En somme, le système est assez complexe et recouvre des situations très différentes aboutissant à des réalités financières et à des revenus très contrastés, mais l'artisan conserve une place dans une organisation que l'on peut qualifier de corporation structurée par une tension entre grandes structures et acteurs indépendants.
À l'arrivée, Paris manque cruellement de taxis aux heures de pointe, et beaucoup de chauffeurs se battent les flancs aux heures creuses. De cette double insatisfaction est née l'observation de Rueff et d'Armand reprise par Attali.
Il ne faut pas négliger la part de l'idéologie dans l'approche Rueff-Armand-Attali : les libéraux se méfient par principe du système des corporations qu'ils ont d'ailleurs abolies en créant sous la Révolution Française le principe de la "liberté du commerce et de l'industrie", un principe que le XXe siècle a presque entièrement désamorcé.
Libéraliser les taxis sans racheter les plaques serait très injuste.

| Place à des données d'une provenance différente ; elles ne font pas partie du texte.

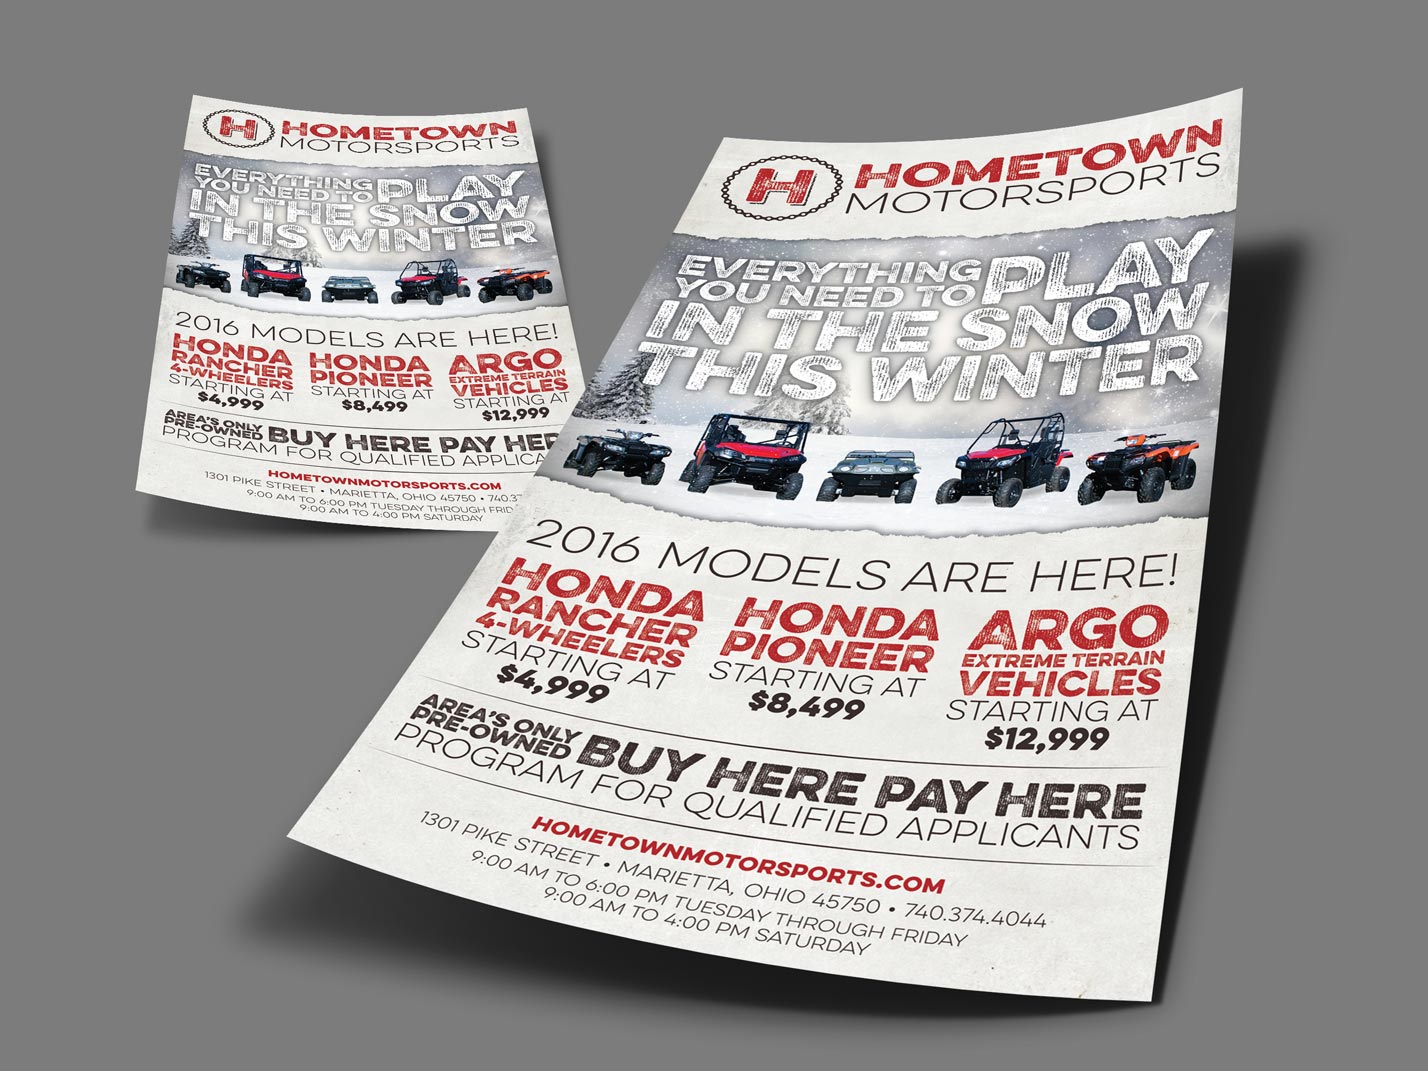 Hometown Motorsports Ads

Or leur valeur se chiffre en milliards et l'État est, sinon pauvre, du moins impécunieux. Donc pas question de racheter. Peut-on alors simplement autoriser plusieurs chauffeurs à se partager une plaque et organiser une régulation du trafic en temps réel en fonction des besoins qui se présentent ? Cela serait un minimum, car le fonctionnement actuel relève de l'âge des cavernes. Mais cela constitue une évidente régression de liberté pour les artisans.
Sauf que... sauf que l'affaire Uber montre que la régulation informatique/internet et la liberté du chauffeur sont extrêmement compatibles. L'uberisation des taxis parisiens pourrait donc avoir un avantage.
Mais à l'inverse, l'uberisation prouve que dans notre monde économique, la liberté totale profite moins à l'artisan qu'à des géants, en général américains, très adeptes de la défiscalisation. Le souvenir des taxis de la Marne peut alors nous rappeler que les taxis parisiens, ce n'est pas qu'affaire d'argent, d'artisanat et de commerce, mais qu'il peut s'agir de notre survie.